There’s a name for this kind of government. It’s not democracy. It’s oligarchy.”

His speech lasted an hour, but could have gone on all day – no one was leaving. At the end, instead of being whisked off by secret service agents, he waded unprotected into the body electric. He is a brave man. Brave to wade into a crowd of strangers. Brave to be so blunt about the American politic, which is no stranger to violence.
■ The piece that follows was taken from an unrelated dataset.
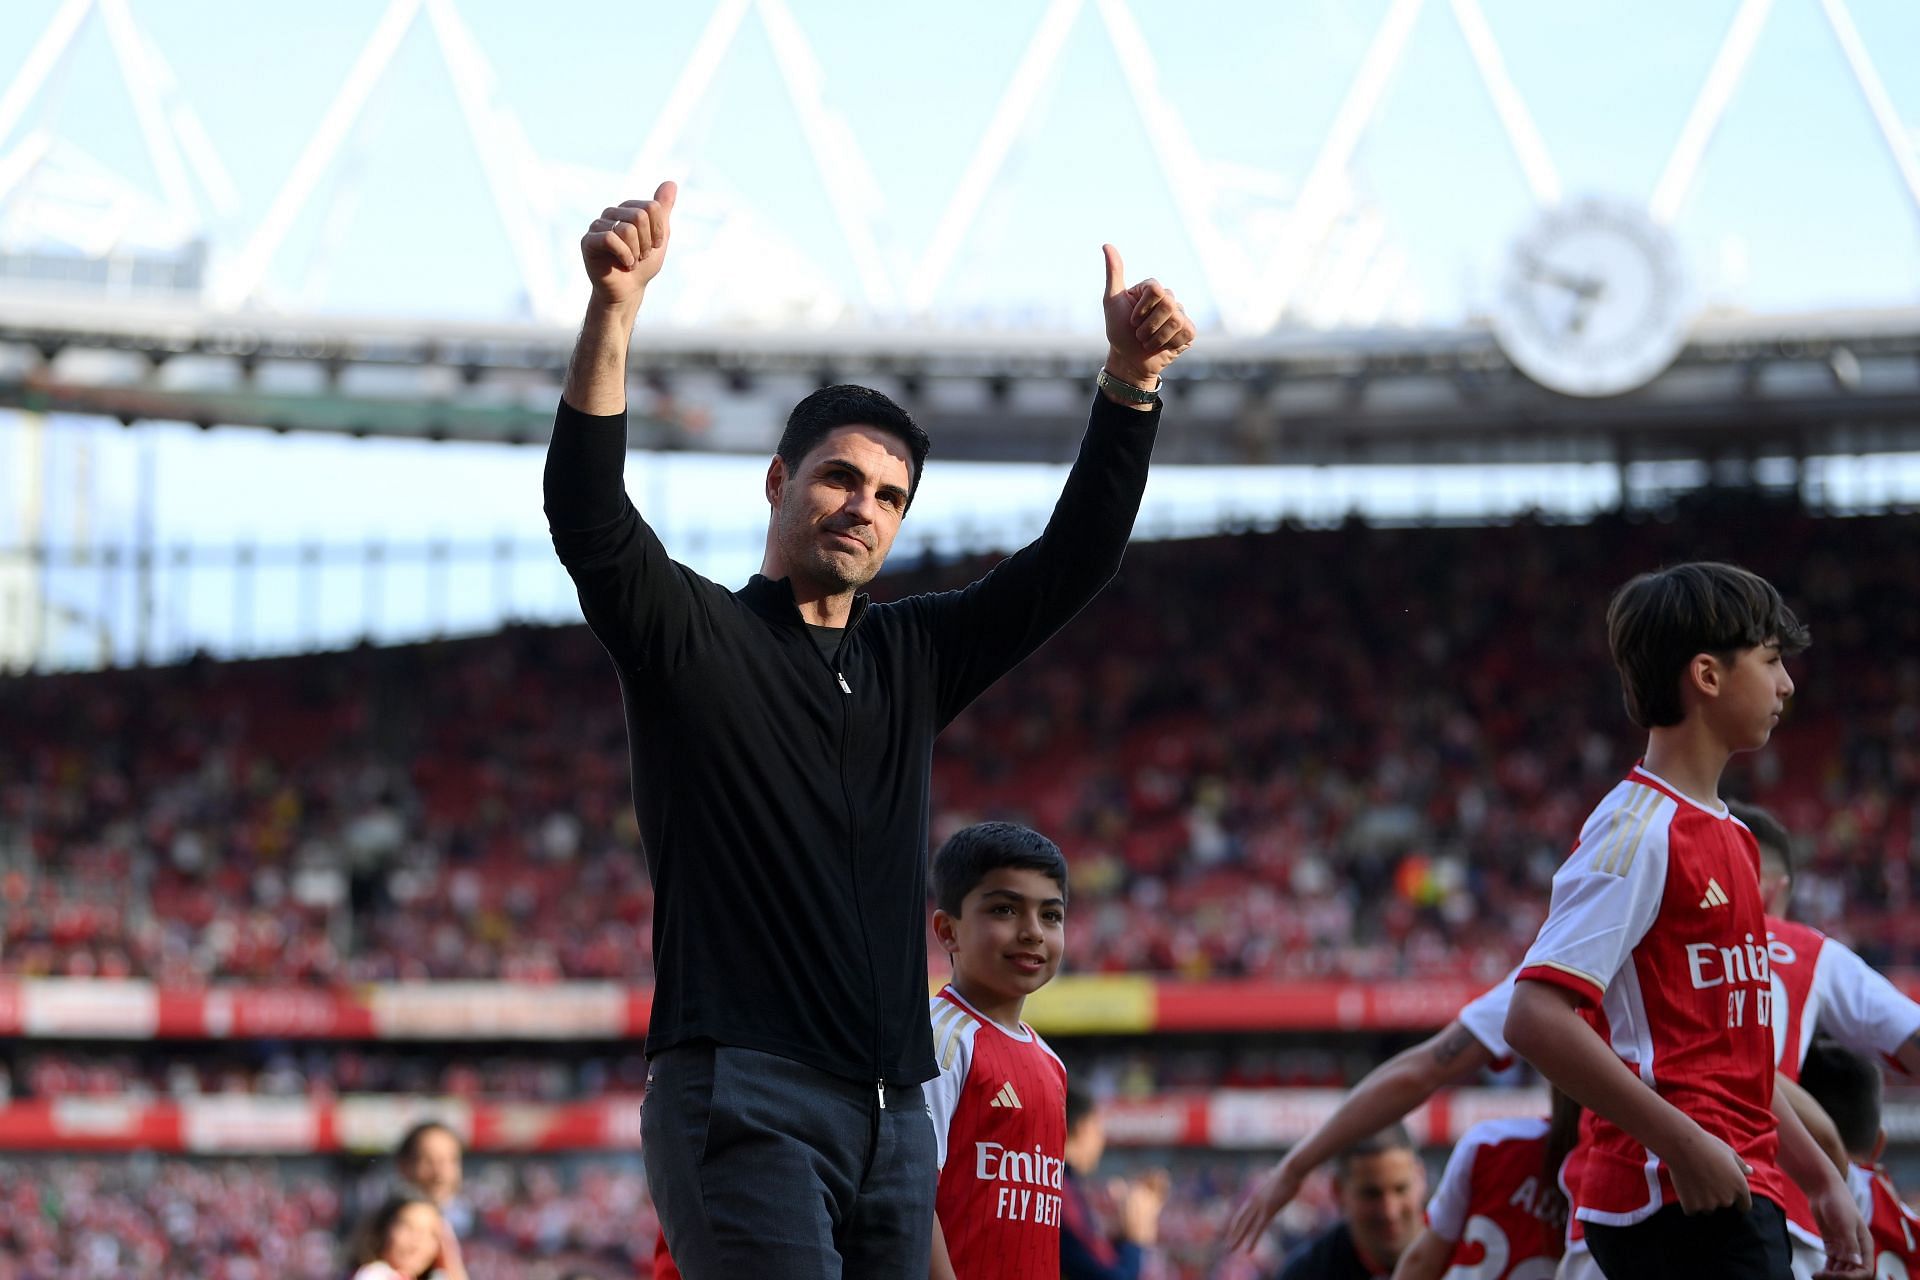 Mikel Arteta is happy he chose to join the Gunners.

He is much more than a rock star. He is someone his opponents are worried about. The NY Times and Fox News have already done several hit pieces on him. Martin O’Malley’s PAC attacked him instead of the frontrunner, Hillary Clinton. They are worried. Their billionaire supporters are worried. The NY Times reported that Bernie is in a virtual dead heat with Hillary in New Hampshire, and gaining in Iowa, where he drew an unprecedented crowd of 2,000 supporters… in Iowa, where she met with small groups in back rooms and refused to answer questions. Where she lost to Obama in 2008.

Why? How can a candidate without the support of the billionaires go so far in just eight weeks? Maybe it’s because his message is so clear: America is being hoodwinked by big money – betrayed by a handful of billionaire fanatics.
“This is not about me. It is about us,” he said at the end of his speech.
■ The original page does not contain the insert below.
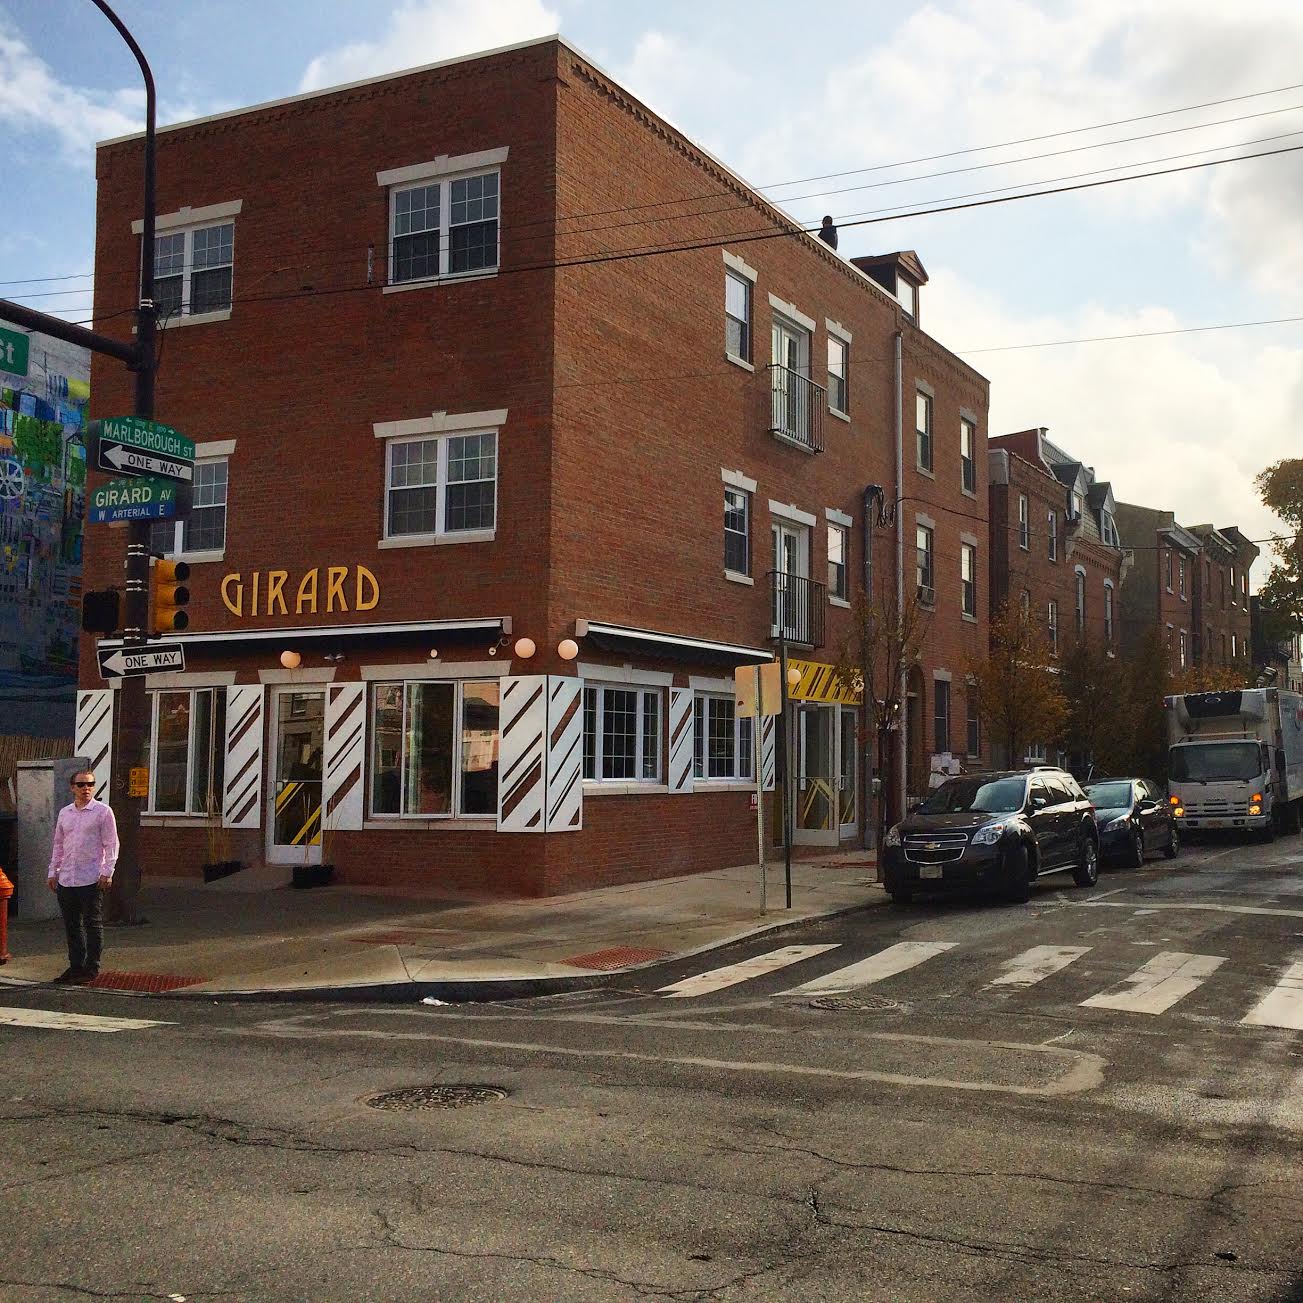 Big changes are coming to Girard on Girard

Outside the arena, the feeling on the street was one of complete exhilaration. We smiled, shook hands, made eye contact, and even hugged the stranger next to us like we were best friends. Strangers exiting the arena shook hands with Police officers there, who were startled if not pleased.

We didn’t drive back to Boston, we floated back.
Bernie had tapped the energy of the disenfranchised majority.